Thread Tools Search this Thread
Operating Systems Solaris DiskSuite: Breaking mirrors.
# 8  
Old 12-26-2005
Quote:
Originally Posted by BOFH
Nope, umount /var gave me a "mount point busy" type of message.
That's not the end of the road. Use fuser to find out why. lsof would be better, but it probably won't be there in single user mode.

Quote:
Originally Posted by BOFH
I just use fsck since it'll ask for each item. Then I can review them as they come up. If you autoanswer 'y' or 'n', you won't be able to evaluate the problems as they come up.
That policy is fine for the first few hundred questions. Then what? How many more questions will there be? A 1,000 more? 10,000 more? Do you abort an fsck that might have had one more question to ask? Is it safe to abort fsck and restart it with -y? A few sessions like this and that "fsck -n" starts to look pretty good. "fsck -n" will only take a few seconds if everythinkg is ok. And it can always be safely aborted since it doesn't change anything. But if you don't like "fsck -n", my other trick is jamming the "y" key down with a paper wad. Smilie
# 9  
Old 12-26-2005
Quote:
Originally Posted by Perderabo
That's not the end of the road.
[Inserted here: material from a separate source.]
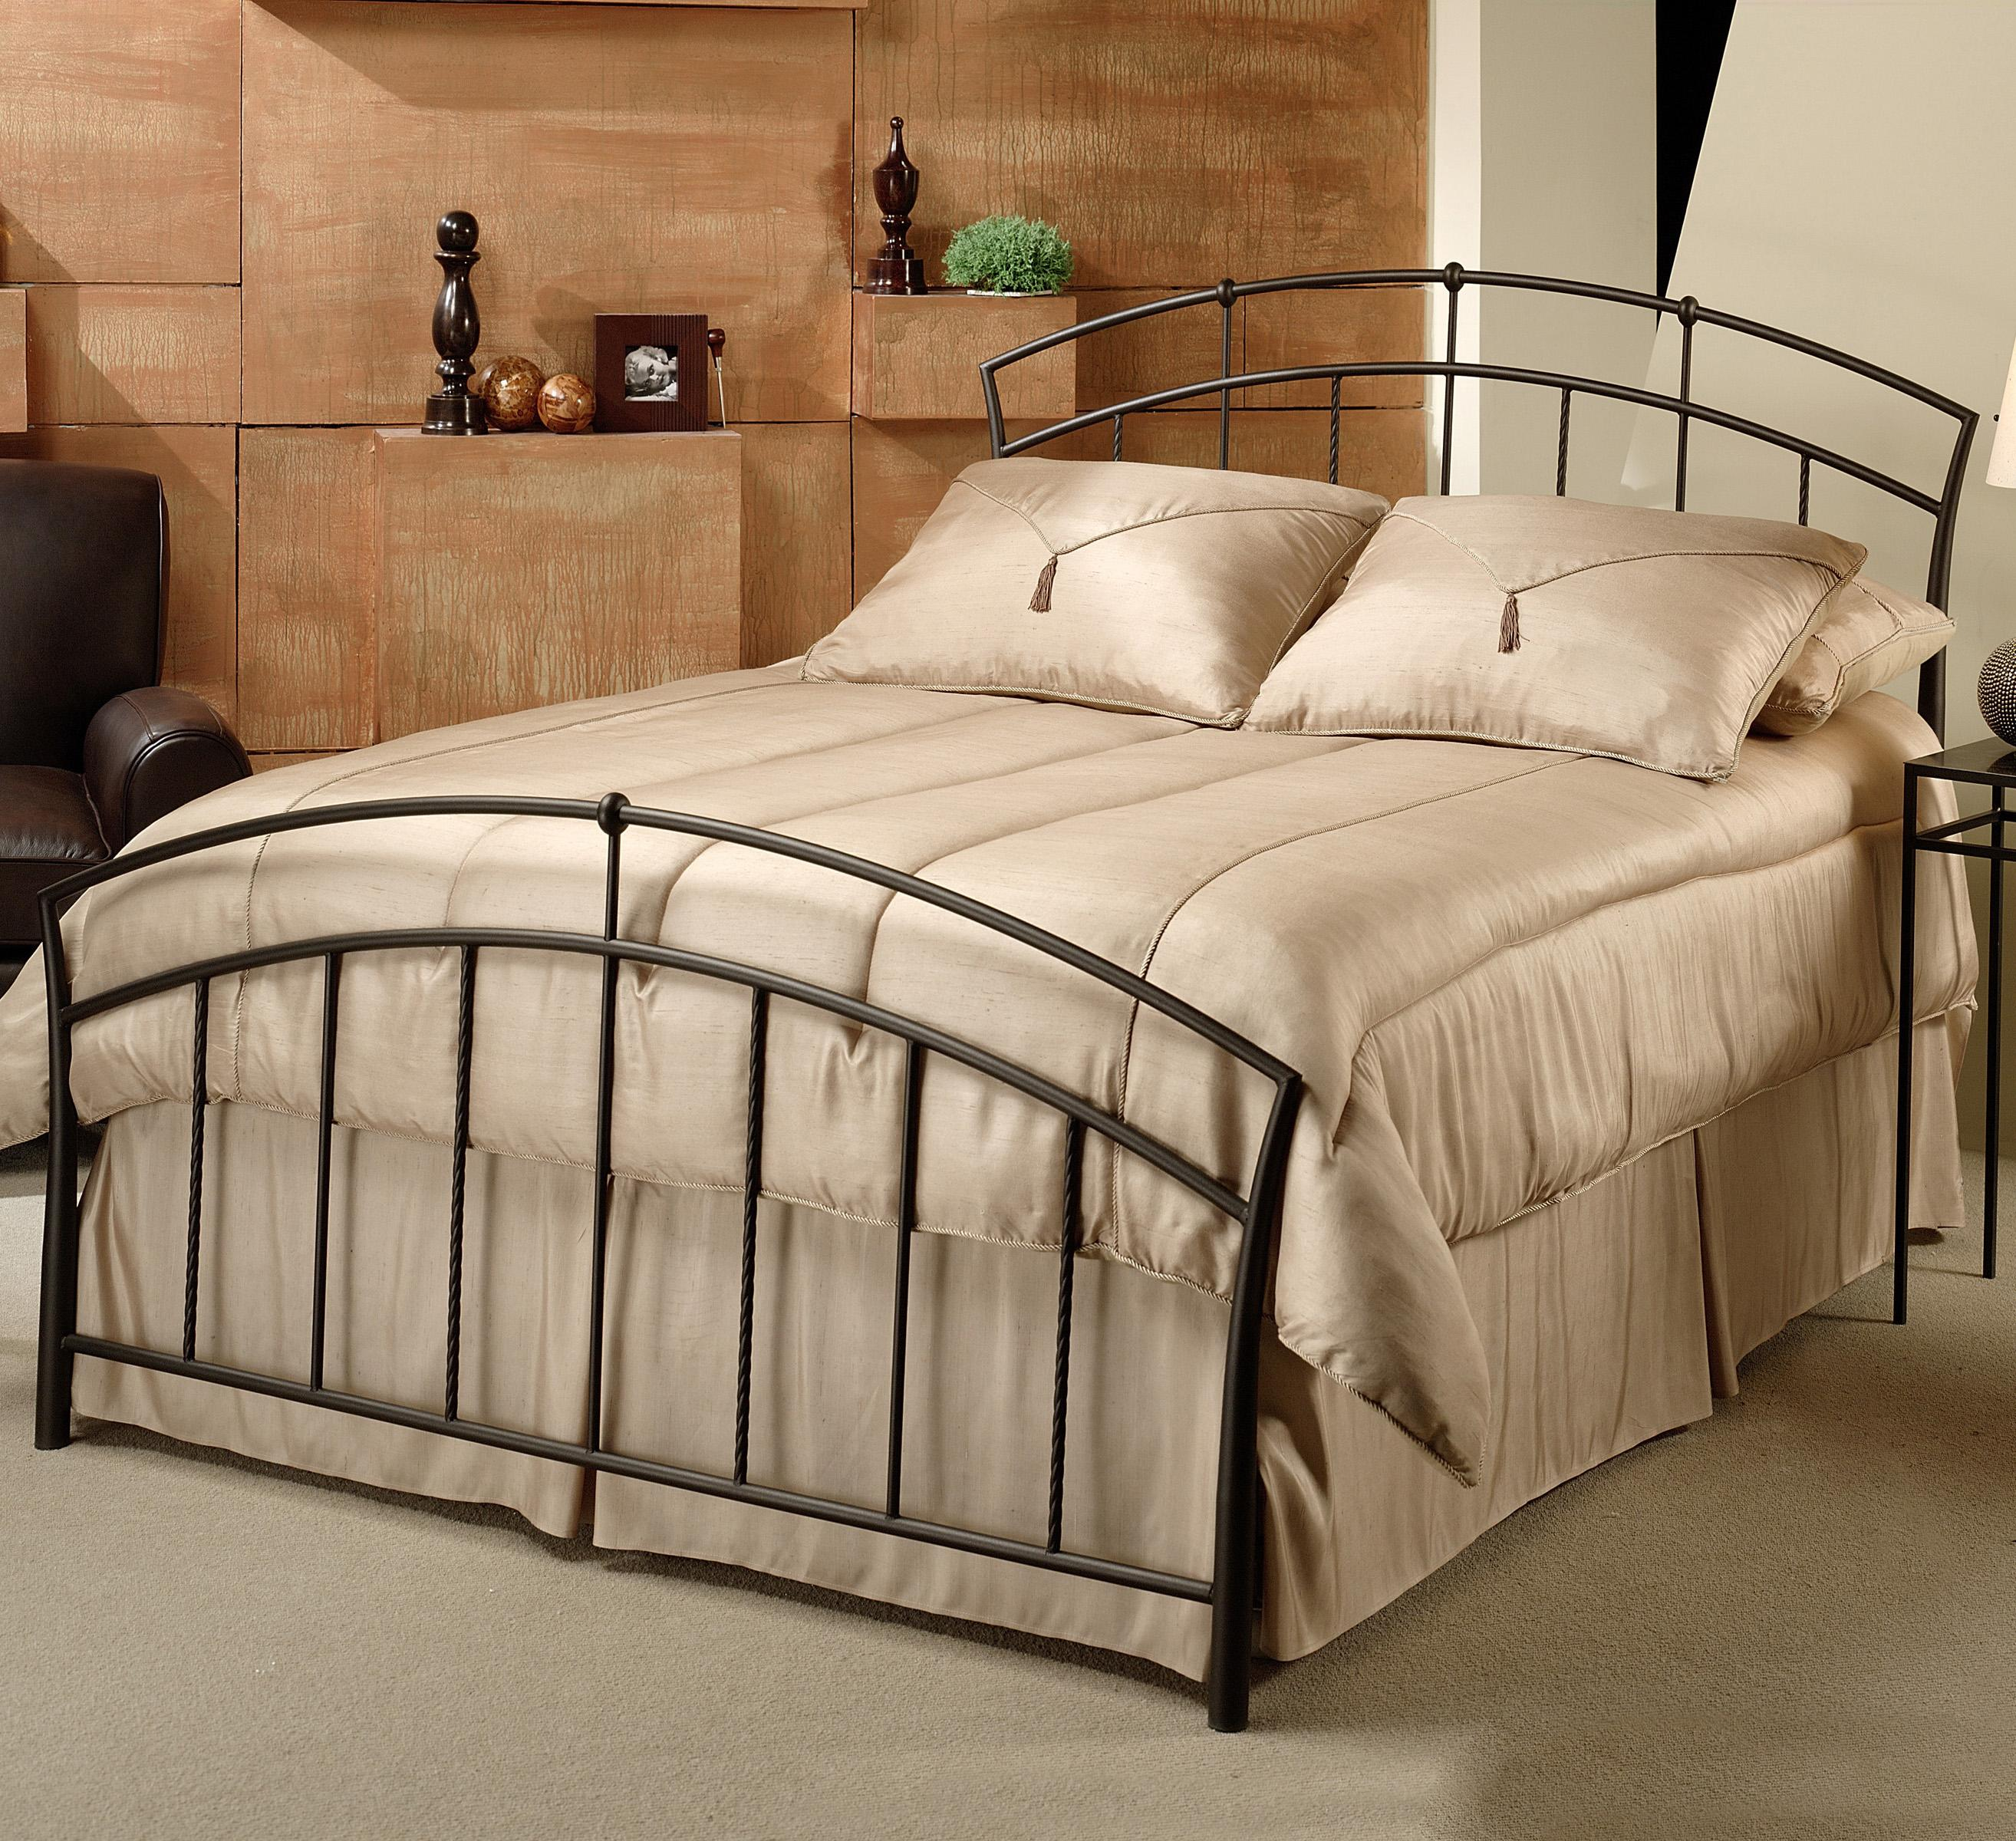 Hillsdale Metal Beds Queen Vancouver Bed - Item Number: 1024BQR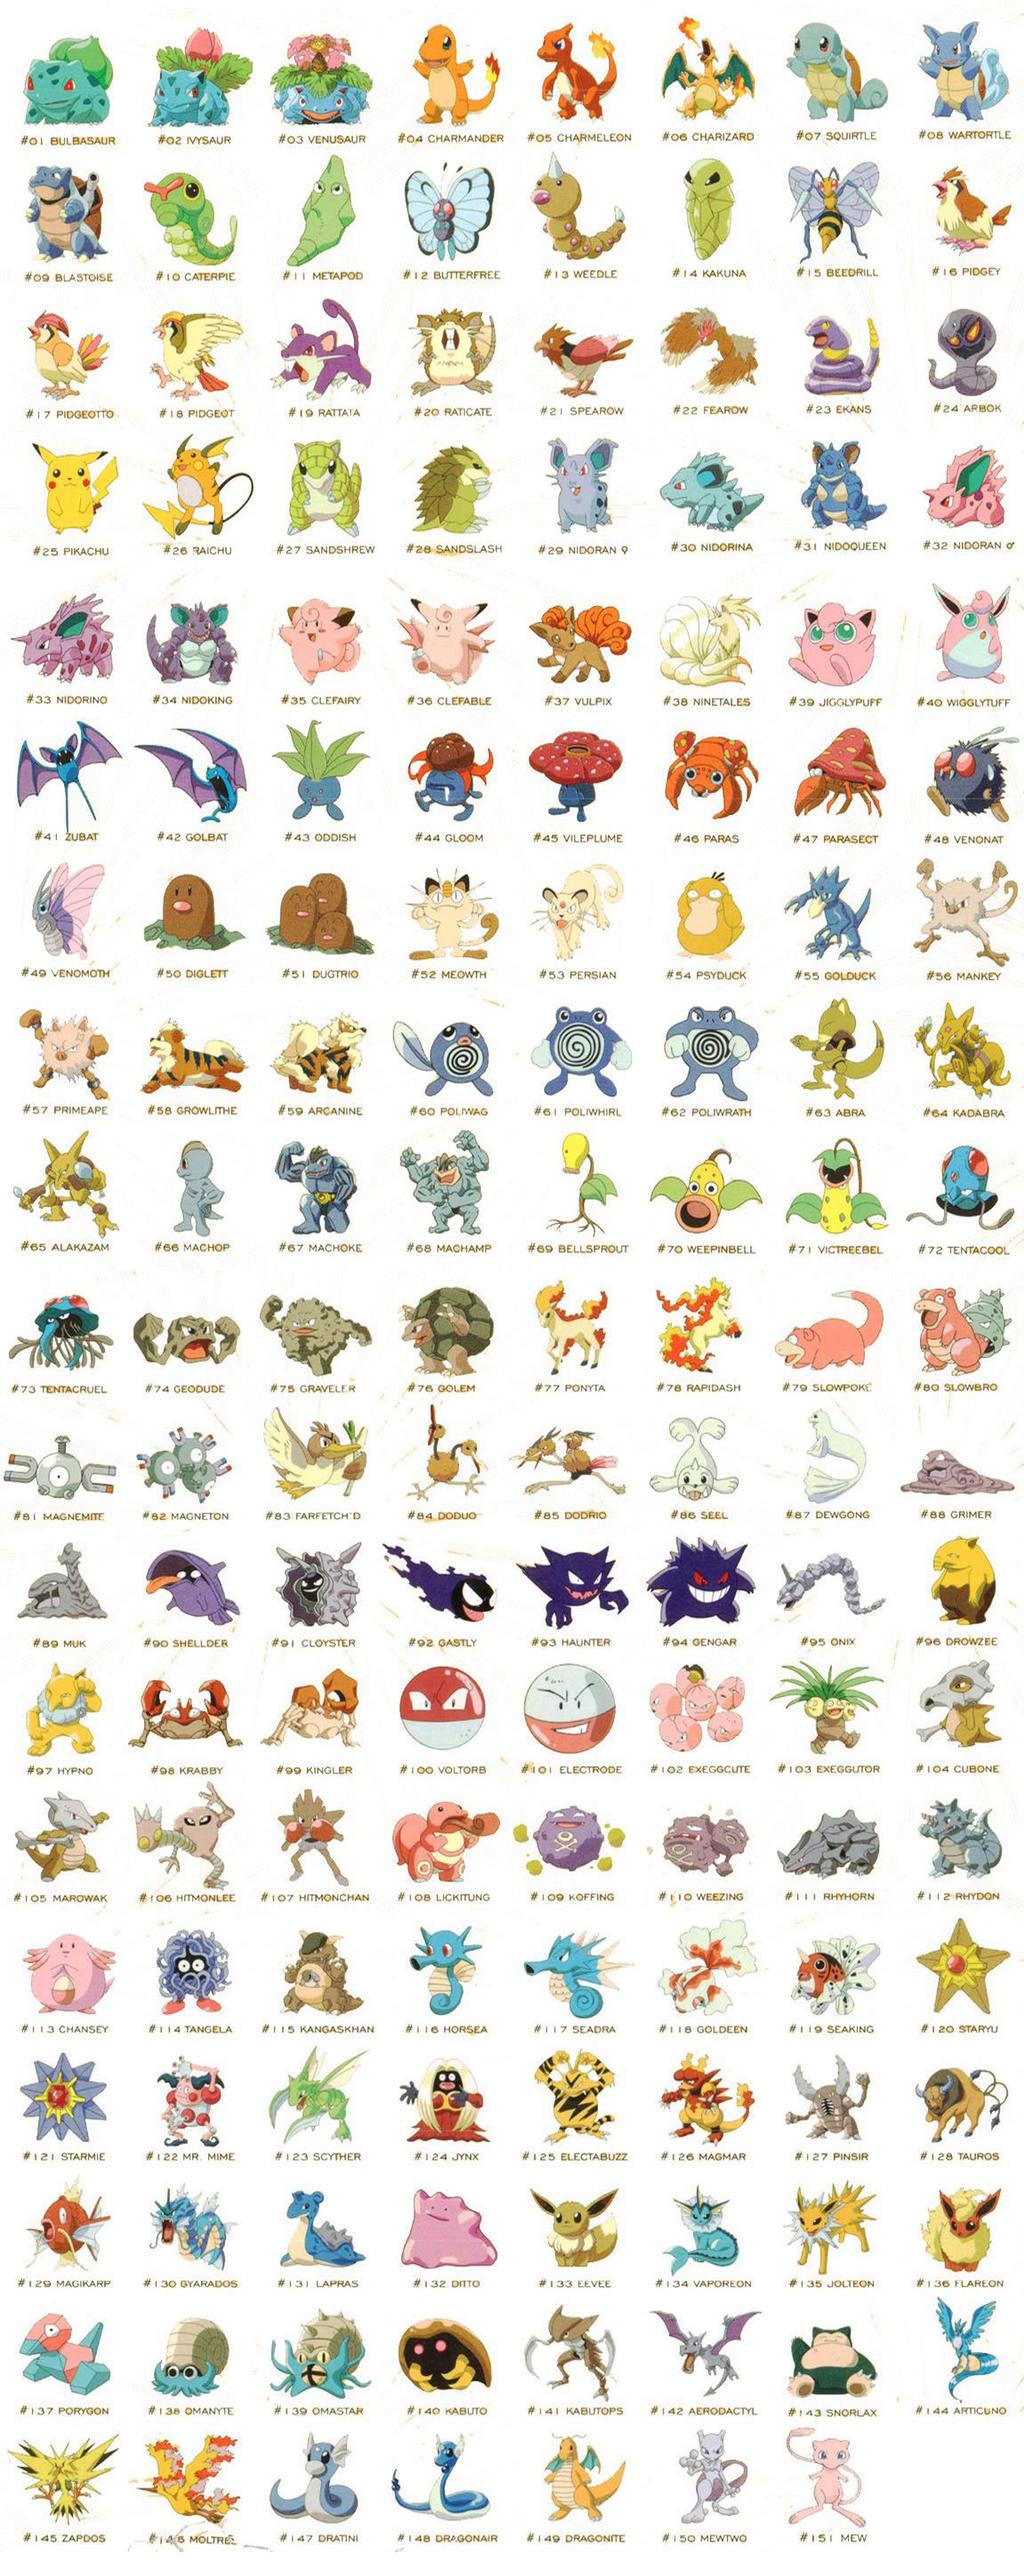 150 pokemon by angerox on deviantart

Use fuser to find out why. lsof would be better, but it probably won't be there in single user mode.
Isn't wtmpx the most likely issue here? If the system needs wtmp and it's holding on so I can't umount, how is knowing that going to help? And it might not be wtmpx, it could be that I should have been able to umount /var and didn't realize that. When I couldn't umount it or remount it rw (which I also tried), I figured it wasn't possible and moved on to breaking mirrors.

Can you really force a umount? Something I'll have to investigate.

But I will keep fuser in mind for next time Smilie

Quote:
That policy is fine for the first few hundred questions. Then what? How many more questions will there be? A 1,000 more? 10,000 more? Do you abort an fsck that might have had one more question to ask? Is it safe to abort fsck and restart it with -y? A few sessions like this and that "fsck -n" starts to look pretty good. "fsck -n" will only take a few seconds if everythinkg is ok. And it can always be safely aborted since it doesn't change anything. But if you don't like "fsck -n", my other trick is jamming the "y" key down with a paper wad. Smilie
You can use fsck -y Smilie

Seriously though, if there are 1000 questions, what are you going to do by answering 'n' to all of them except know that there are a bleeding lot of them? Especially when there's some guy on the other side of the phone who has absolutely no idea what's scrolling off the console or even worse, if I'm tipping in and can't interrupt. Do I go away for coffee then and come back in 2 hours?

I figure that after 20 or so 'y's, there might be something even more serious going on and I may have to consider newfs'ing the slice and copying over the apparently good slice, or hoping there's a good backup somewhere.

And another couple of data points that I didn't think important for the initial question:

1) The keyboard wasn't a Sun keyboard. It was, I believe, an MVS type keyboard. Two rows of function keys along the top as near as I could understand. Chris couldn't find a break key and the control key was labeled something else. We had to use Ctrl+[ to generate the necessary escape sequence in vi since there wasn't an escape key either.

2) Also, the console connection was somewhat flaky. Kept throwing odd characters on the screen from time to time and locked the console up so that it had to be power cycled to recover.

Really though. In spite of all the other questions and suggestions, the real problem was, why didn't breaking the mirror succeed? Why couldn't I disassemble the mirror and bring the system back up on a single disk in the manner I described?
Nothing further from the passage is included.